Case (ii) - deterministic measure:

self_tuning_knn = TunedModel(
    model=knn,
    resampling = CV(nfolds=4, rng=1234),
    tuning = Grid(resolution=5),
    range = K_range,
    measure=MisclassificationRate()
)

mach = machine(self_tuning_knn, X, y);
fit!(mach, verbosity=0);
trained Machine; does not cache data
  model: ProbabilisticTunedModel(model = KNNClassifier(K = 5, …), …)
  args: 
    1:	Source @020 ⏎ Table{AbstractVector{Continuous}}
    2:	Source @333 ⏎ AbstractVector{Multiclass{3}}

Let's inspect the best model and corresponding evaluation of the metric in case (ii):

entry = report(mach).best_history_entry
(model = KNNClassifier(K = 5, …),
 measure = StatisticalMeasuresBase.RobustMeasure{StatisticalMeasuresBase.FussyMeasure{StatisticalMeasuresBase.RobustMeasure{StatisticalMeasuresBase.Multimeasure{StatisticalMeasuresBase.SupportsMissingsMeasure{StatisticalMeasures.MisclassificationRateOnScalars}, Nothing, StatisticalMeasuresBase.Mean, typeof(identity)}}, Nothing}}[MisclassificationRate()],
 measurement = [0.02666666666666667],
 per_fold = [[0.0, 0.02631578947368421, 0.0, 0.08108108108108109]],)
entry.model.K
5

Recall that fitting mach also retrains the optimal model on all available data. The following is therefore an optimal model prediction based on all available data:

predict(mach, rows=148:150)
3-element UnivariateFiniteVector{Multiclass{3}, String, UInt32, Float64}:
 UnivariateFinite{Multiclass{3}}(setosa=>0.0, versicolor=>0.0, virginica=>1.0)
 UnivariateFinite{Multiclass{3}}(setosa=>0.0, versicolor=>0.0, virginica=>1.0)
 UnivariateFinite{Multiclass{3}}(setosa=>0.0, versicolor=>0.0, virginica=>1.0)

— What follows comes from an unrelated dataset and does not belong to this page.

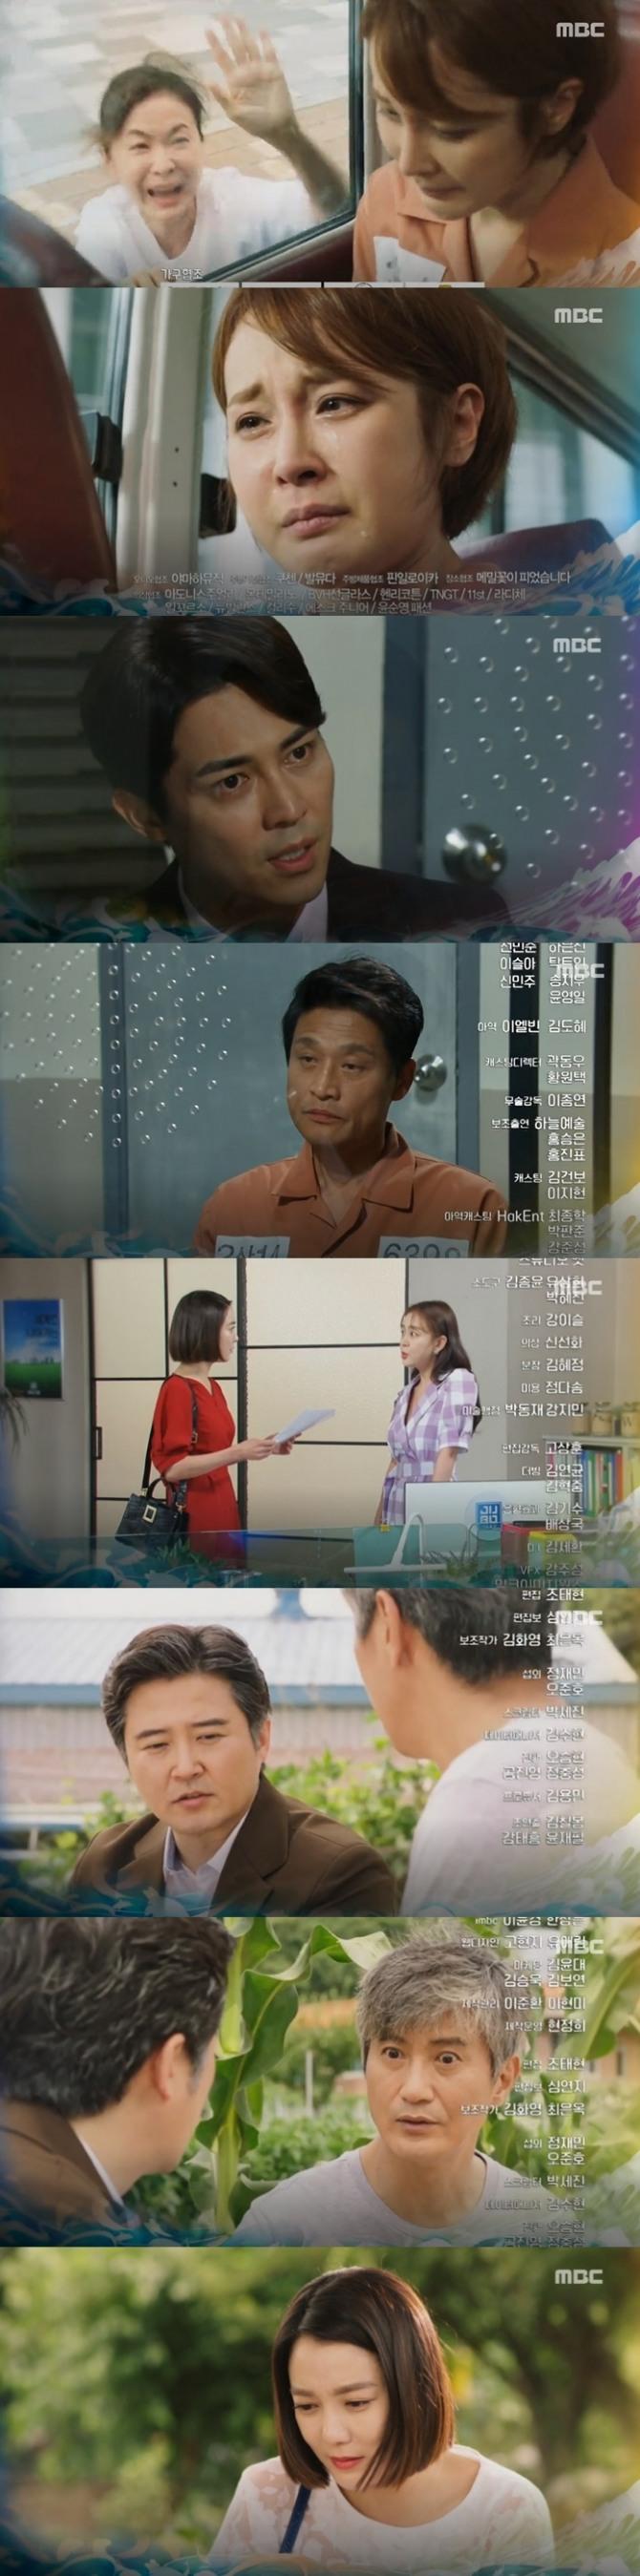 10일 오후 방송되는 MBC 일일드라마 '용왕님 보우하사' 119회에는 조지환(임호 분)이 친딸 심청이(조홍주, 이소연 분)를 프랑스로 전격 유학시키는 반전이 그려진다. 사진=MBC '용왕님 보우하사' 119회 예고 영상 캡처

Specifying a custom measure

Users may specify a custom loss or scoring function, so long as it complies with the StatisticalMeasuresBase.jl API and implements the appropriate orientation trait (Score() or Loss()) from that package. For example, we suppose define a "new" scoring function custom_accuracy by

custom_accuracy(yhat, y) = mean(y .== yhat); # yhat - prediction, y - ground truth
custom_accuracy (generic function with 1 method)

In tuning, scores are maximised, while losses are minimised. So here we declare

import StatisticalMeasuresBase as SMB
SMB.orientation(::typeof(custom_accuracy)) = SMB.Score()

For full details on constructing custom measures, see StatisticalMeasuresBase.jl.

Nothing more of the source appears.